When our goal is to understand the relationship between \(Y\) and \(X = (X_1, X_2, \dots, X_p)\), we do need to concern ourselves with the exact form of \(\hat f\). Here the form of \(\hat f\) can be used to identify:

  • Which predictors are associated with the response
  • the direction (positive or negative) and form (simple or complex) of the relationship between the response and each predictor

2.3 Assessing Model Accuracy

No one statistical learning approach performs better than all other approaches on all possible data sets. Because of this, care needs to be taken to choose which approach to use for any given data set to produce the best results. A number of important concepts arise when selecting a statistical learning approach for a specific data set:

  • Measuring the quality of fit
  • The bias-variance trade-off

2.3.1 In the Regression Setting

In the regression setting, the most commonly used quality of fit measure for training data is the mean squared error \(\mathit{MSE}\), given by

\[ \mathit{MSE}_{\mathrm{training}} = \frac 1 n \sum_{i = 1}^n (y_i - \hat f(x_i))^2, \tag{2.3} \]

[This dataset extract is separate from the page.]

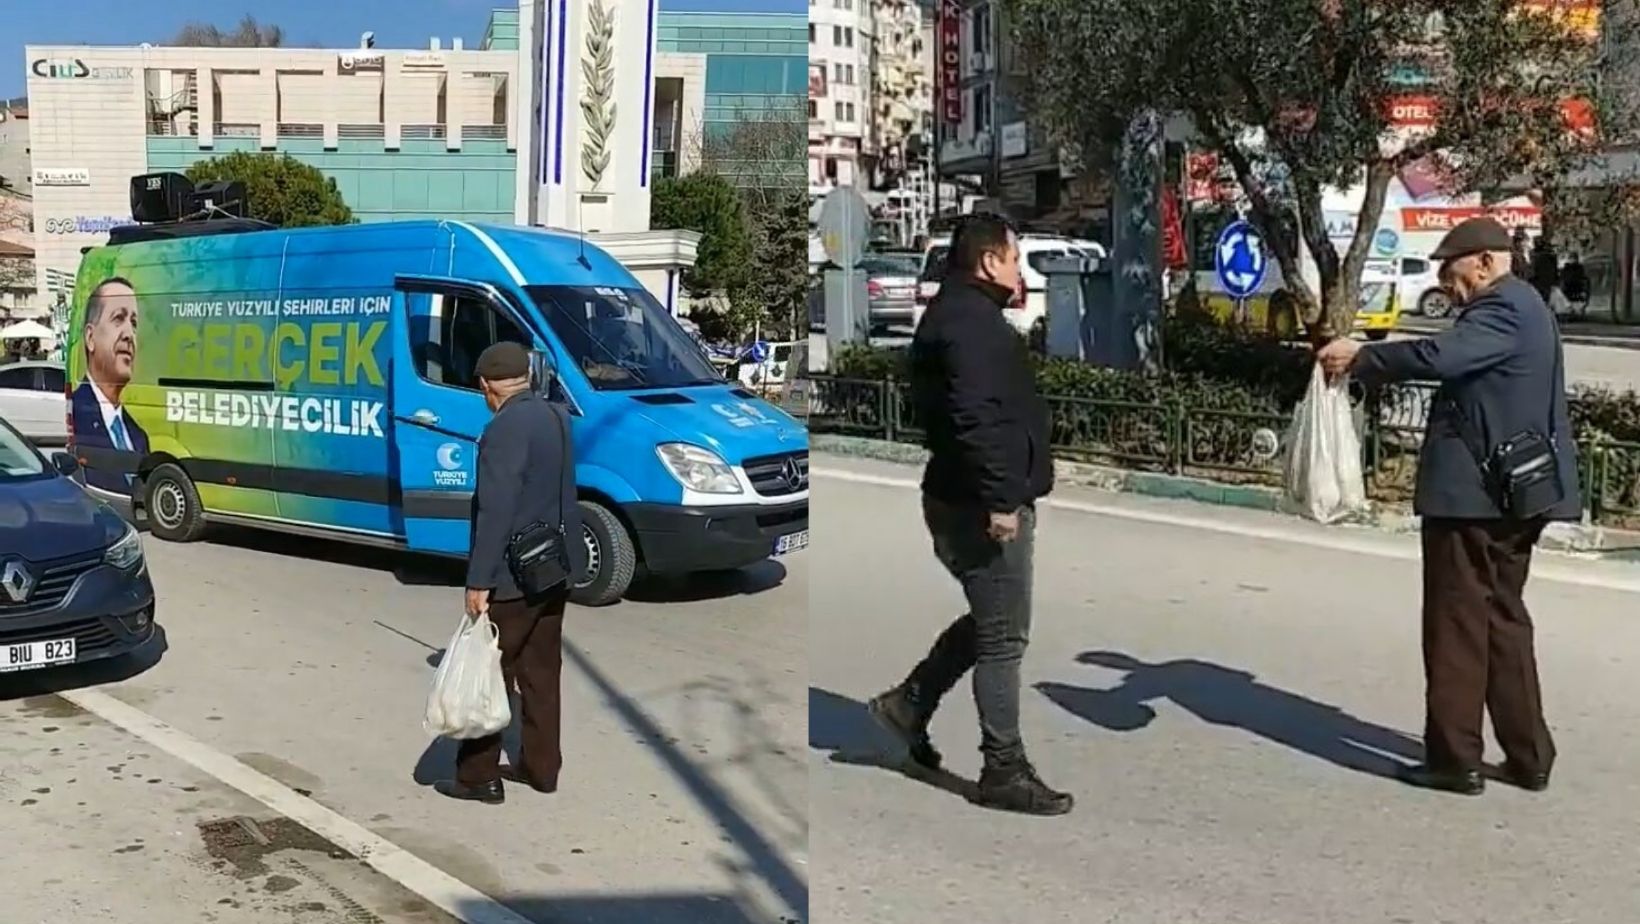 Yaşlı vatandaş, AKP'nin seçim aracı önünde pahalılığa isyan etti: Şuraya bak şuraya! 200 lira burası

where \(\hat f(x_i)\) represents the prediction that \(\hat f\) gives for the \(i\)th observation. When predicted responses are very close to true responses the \(\mathit{MSE}\) will be small; When predicted responses are very far from true responses the \(\mathit{MSE}\) will be large. We generally do not really care about this value because accurately predicting data we have already seen is not particularly useful.

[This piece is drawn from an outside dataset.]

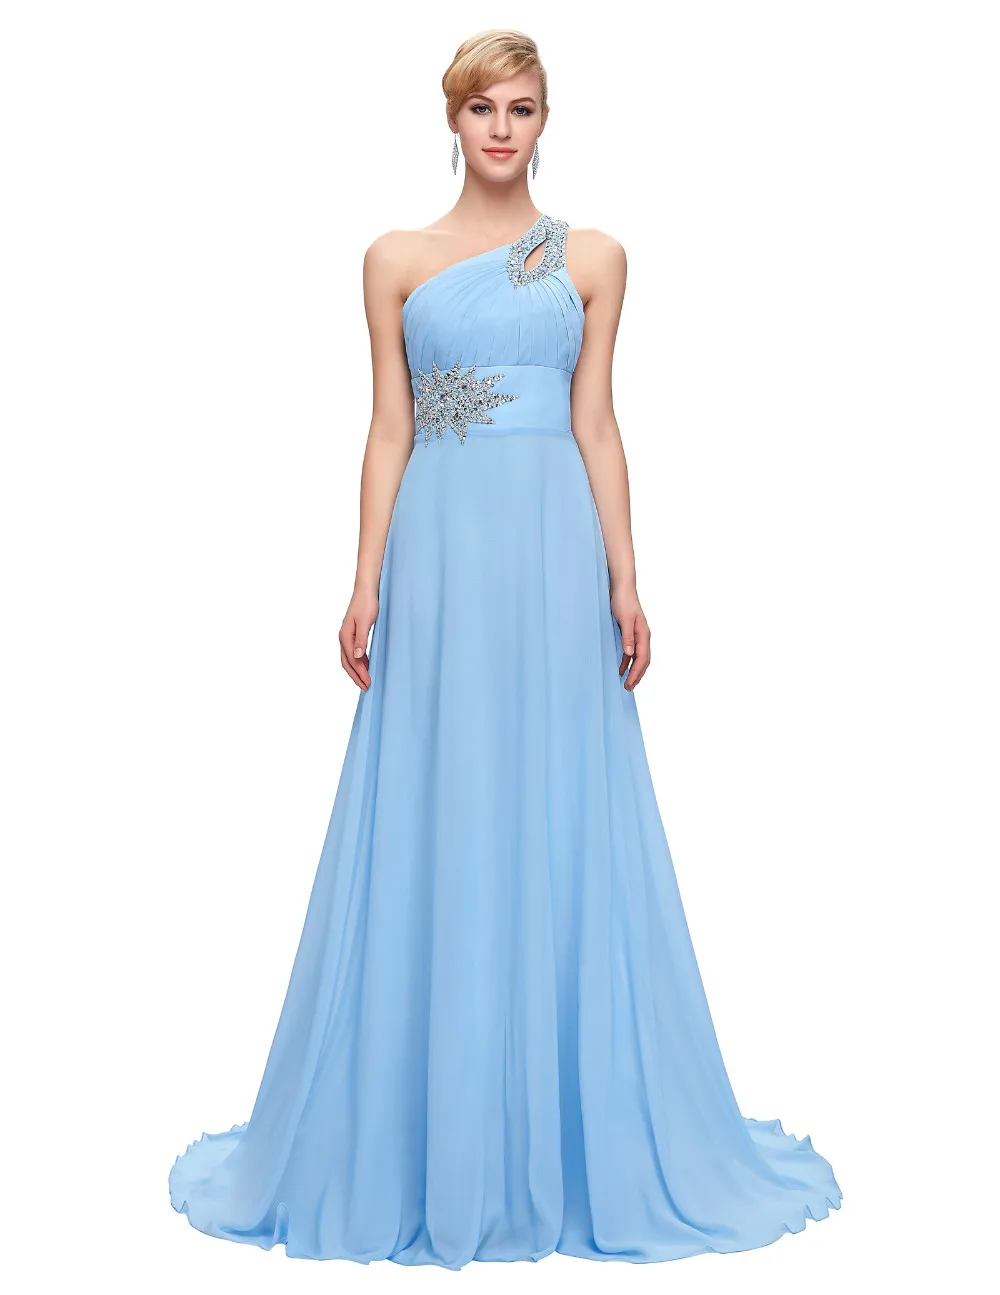 Elegant One Shoulder Long Bridesmaid Dress | Uniqistic.com

when our goal is to assess the accuracy of predictions when we apply our method to previously unseen test data, we can compute the mean squared error for test observations, given by

\[ \mathit{MSE}_{\mathrm{testing}} = \frac 1 n \sum_{i = 1}^n (y_0 - \hat f(x_0))^2, \tag{2.4} \]

where \((x_0, y_0)\) is a previously unseen test observation not used to train the statistical learning model. We want to choose the model that gives the lowest test \(\mathit{MSE}\) by minimizing the distance between \(\hat f(x_0)\) and \(y_0\). When a test data set is available then we can simply evaluate Equation (2.4) and choose the statistical learning model where \(\mathit{MSE}\) is the smallest. When a test data set is not available then we can use cross-validation, which is a method for estimating test \(\mathit{MSE}\) using the training data set.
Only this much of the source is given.